That wasn’t just due to his TV fame, the sitcom stardom brought by “Family Ties.” His stepping into “Back to the Future” saved the movie, created a franchise, made Universal rich and him one of the most bankable stars of his era.

He took his shot at a Vietnam drama (“Casualties of War”), coming of age as an upper class addict (“Bright Lights, Big City”), an aspiring rocker whose sister (Joan Jett) has her eyes on the prize (“Light of Day”) and comedies and rom-coms of every variety.

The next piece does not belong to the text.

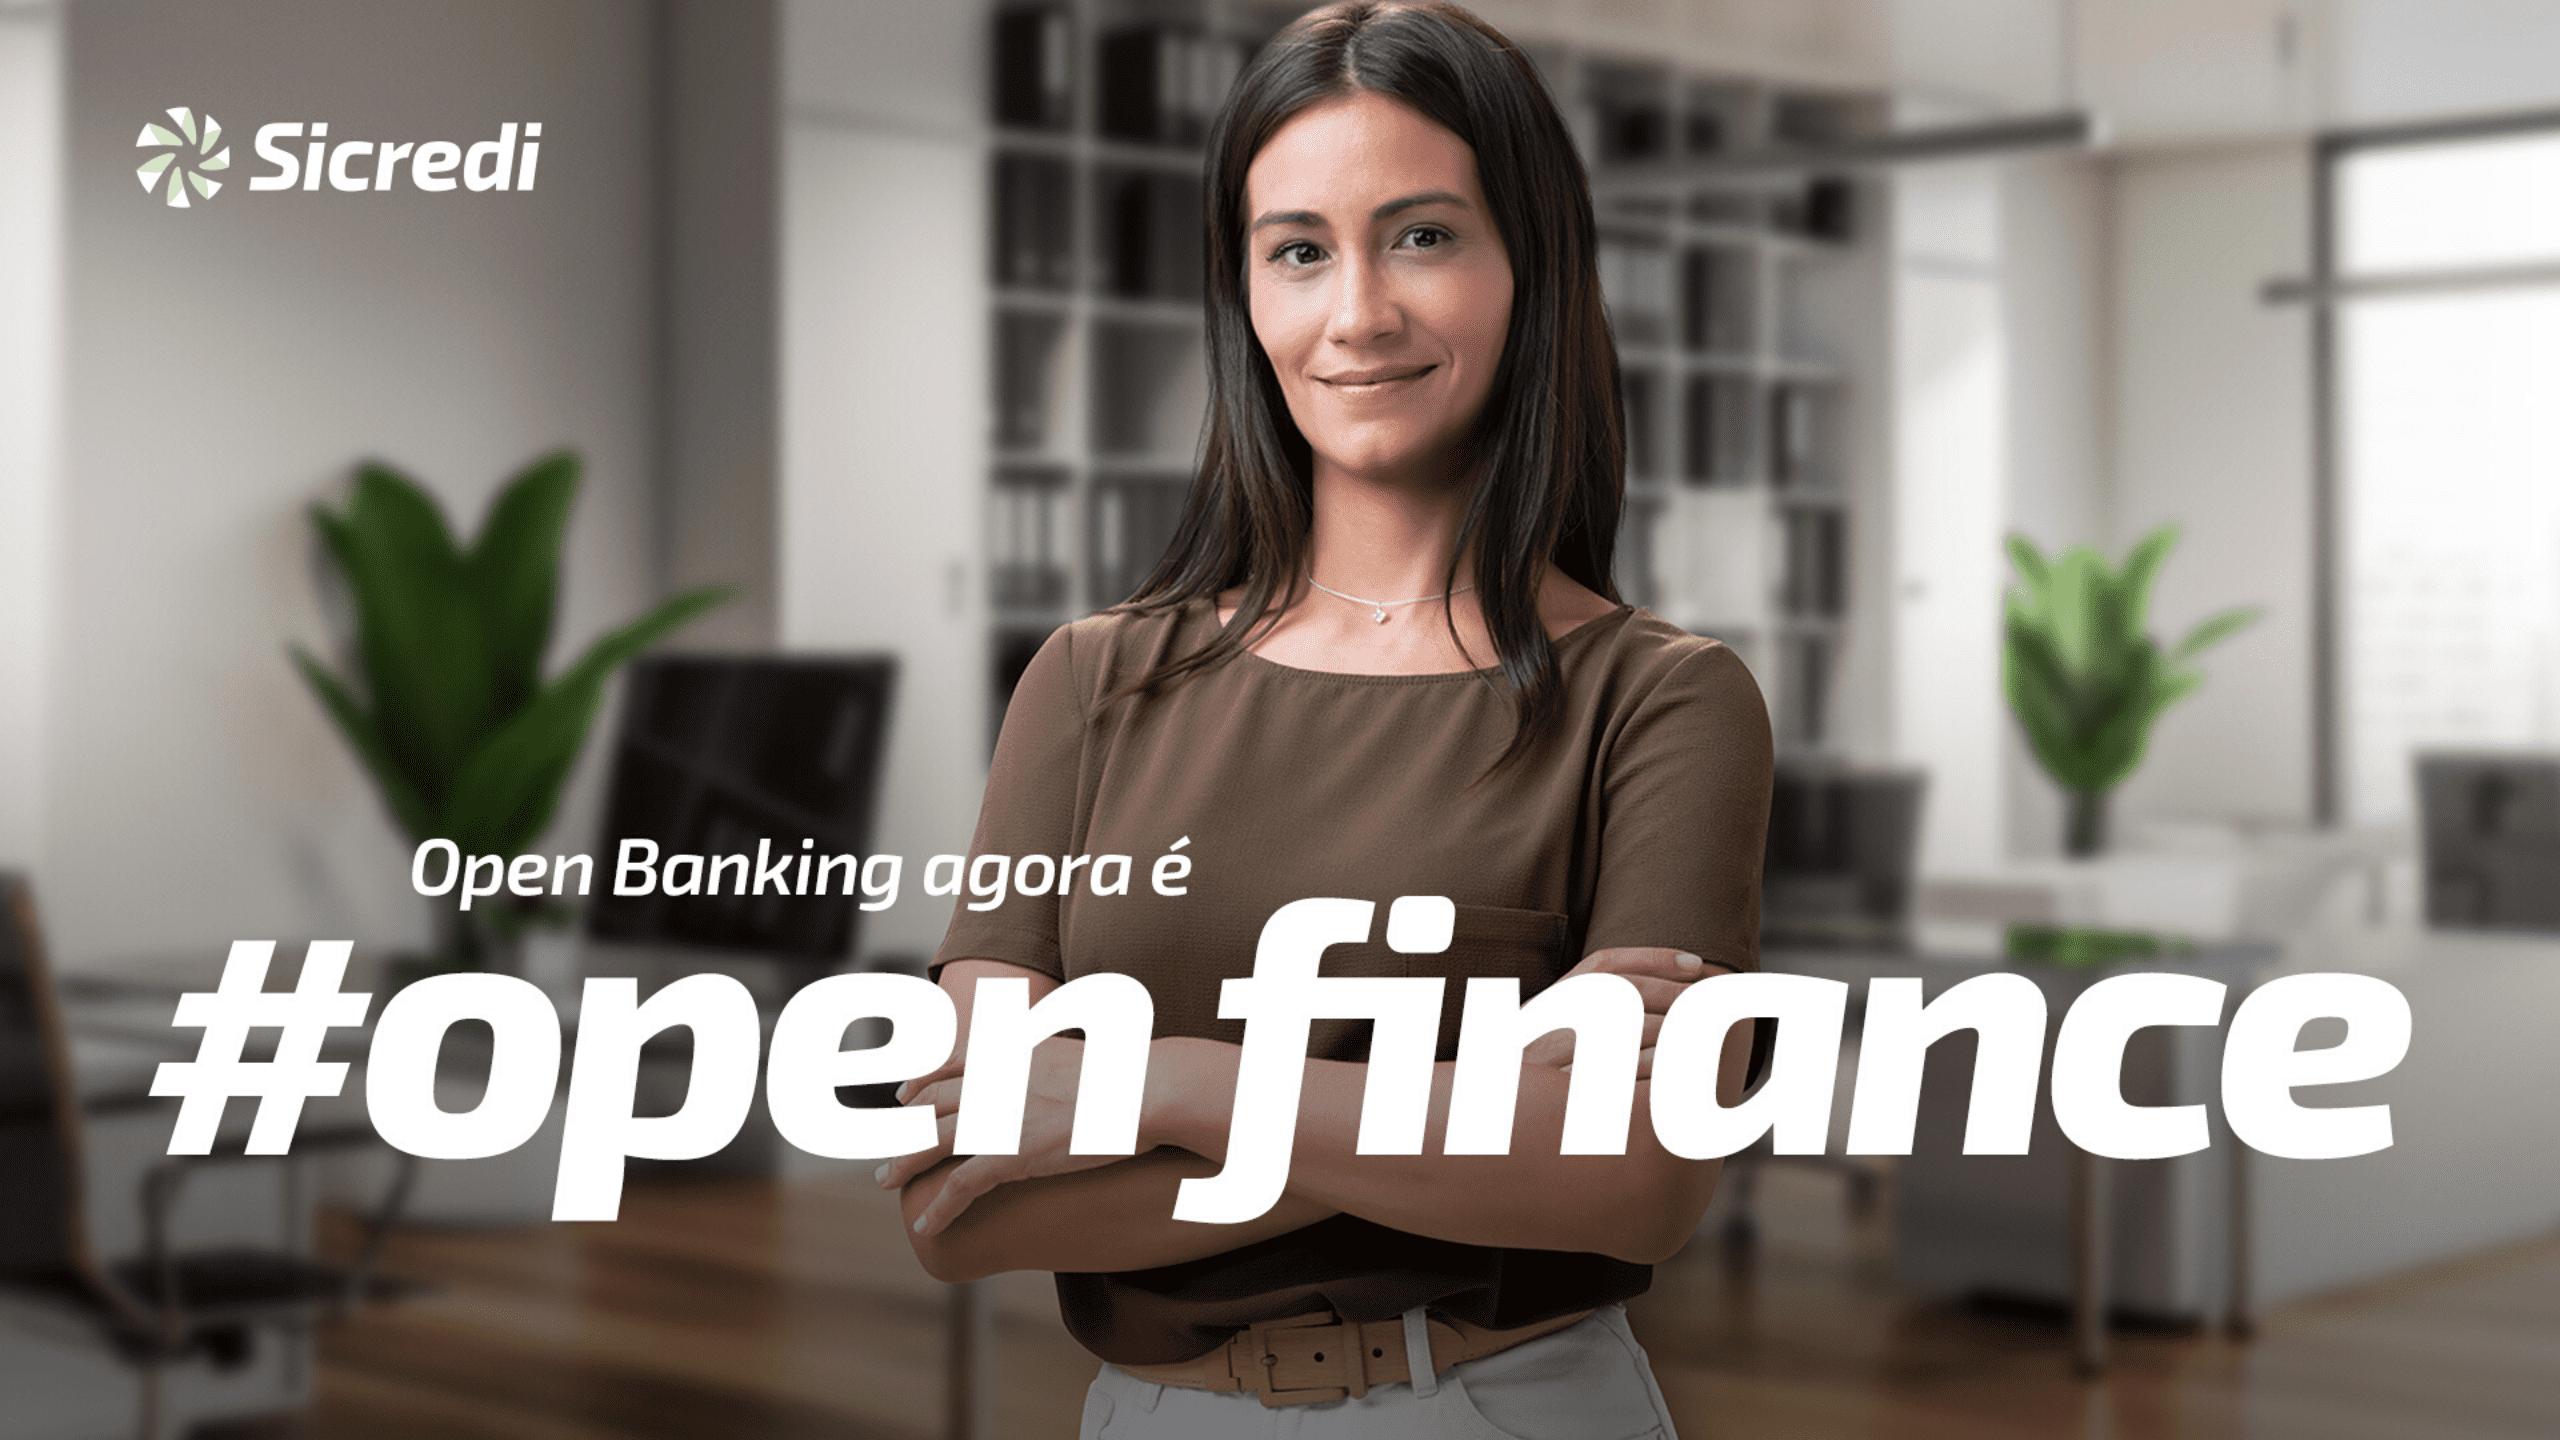 Sicredi Serrana divulga material explicativo sobre Open Banking e Open Finance

But the most endearing and perhaps most enduring of those was the most easygoing. It’s the movie that best let us see how the with-it TV actor always compensated for his lack of height by bouncing along on the balls of his feet, even when he was walking a pig.

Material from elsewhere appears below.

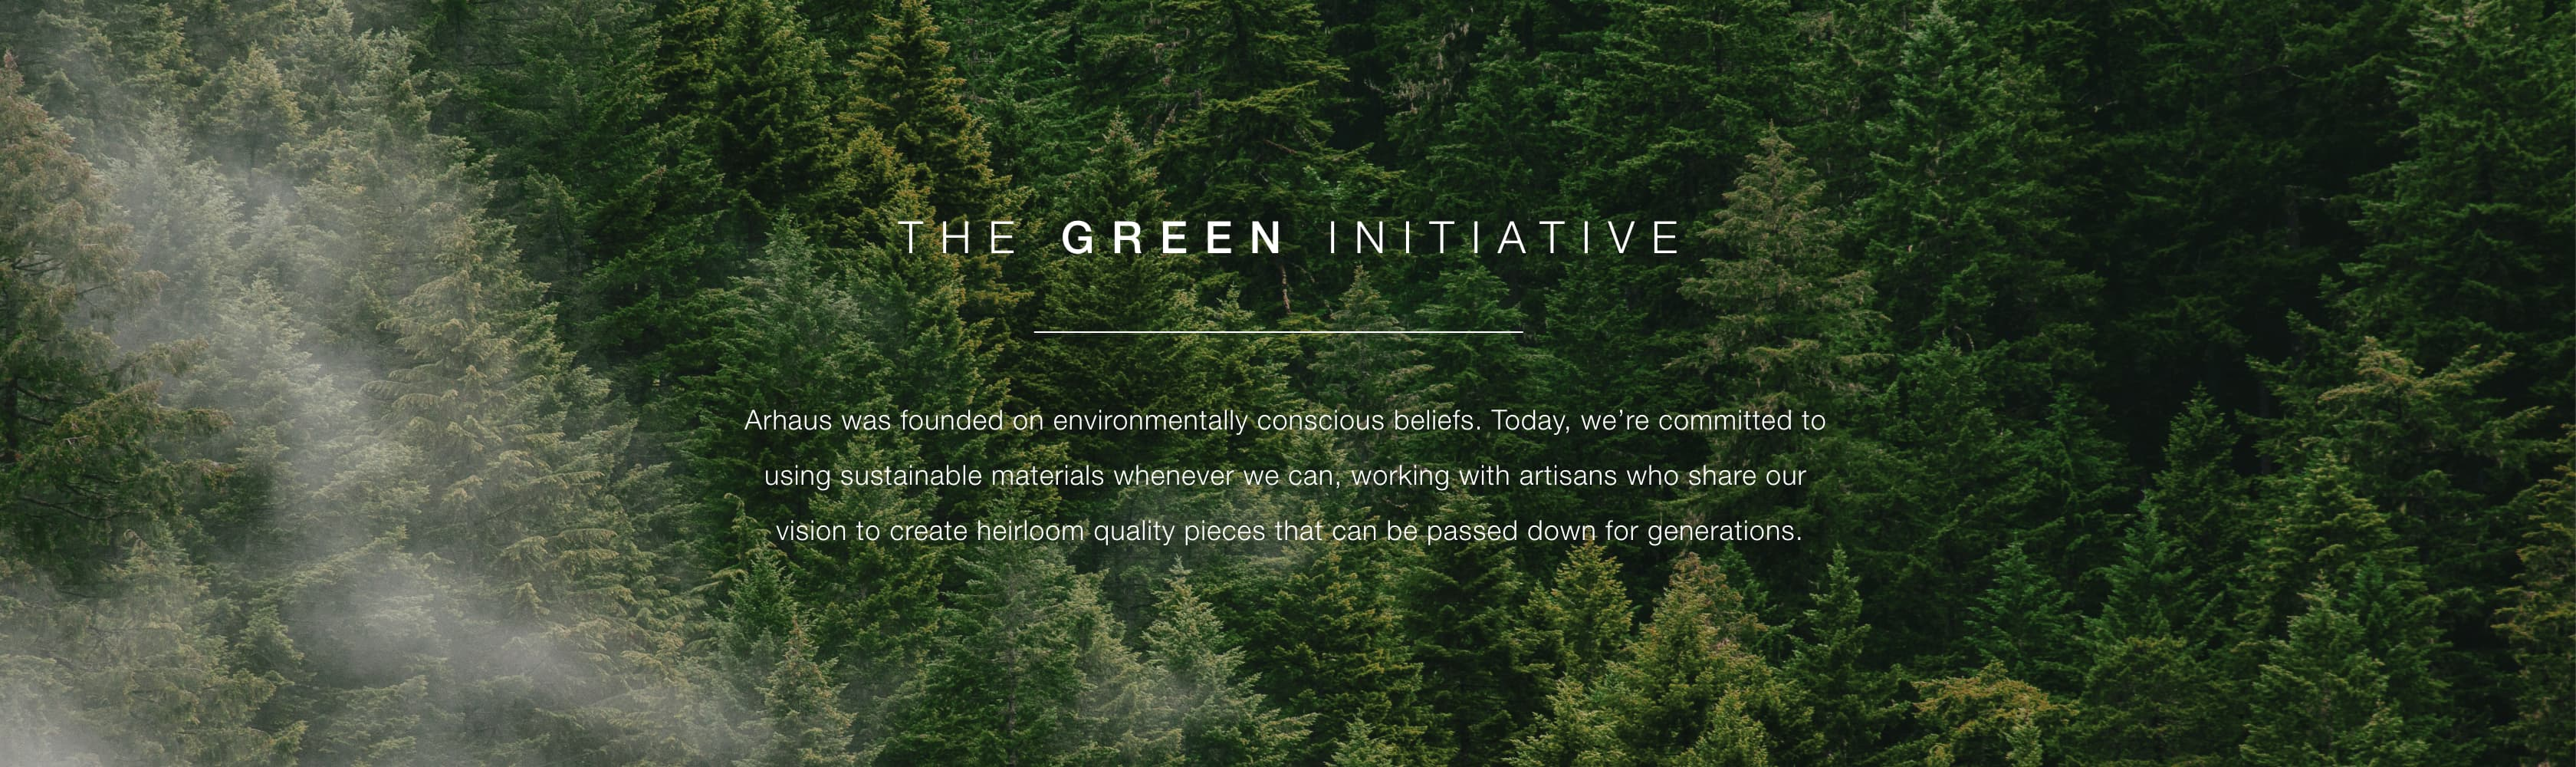 The Arhaus Green Initiative

“Doc Hollywood” (1991) took a corny and geographically indefensible premise — young surgeon leaves his DC residency for a prestigious LA plastic surgery clinic, and gets waylaid far off the interstate in rural Grady, South Carolina (never understood this pre-Waze navigation) — and threw a LOT of talent at it.

And the result seems literally effortless, with every single bite of low-hanging fruit delivering a grin.

Director Michael Caton-Jones broke out with the British sex-and-spies-and-politics drama “Scandal,” and was fresh off the sentimental World War II aerial combat thriller “Memphis Belle.” Why anybody thought he was right for a “Mayberry” throwback comedy in an idealized Sleepy Time Down South After Integration romantic comedy is its own story.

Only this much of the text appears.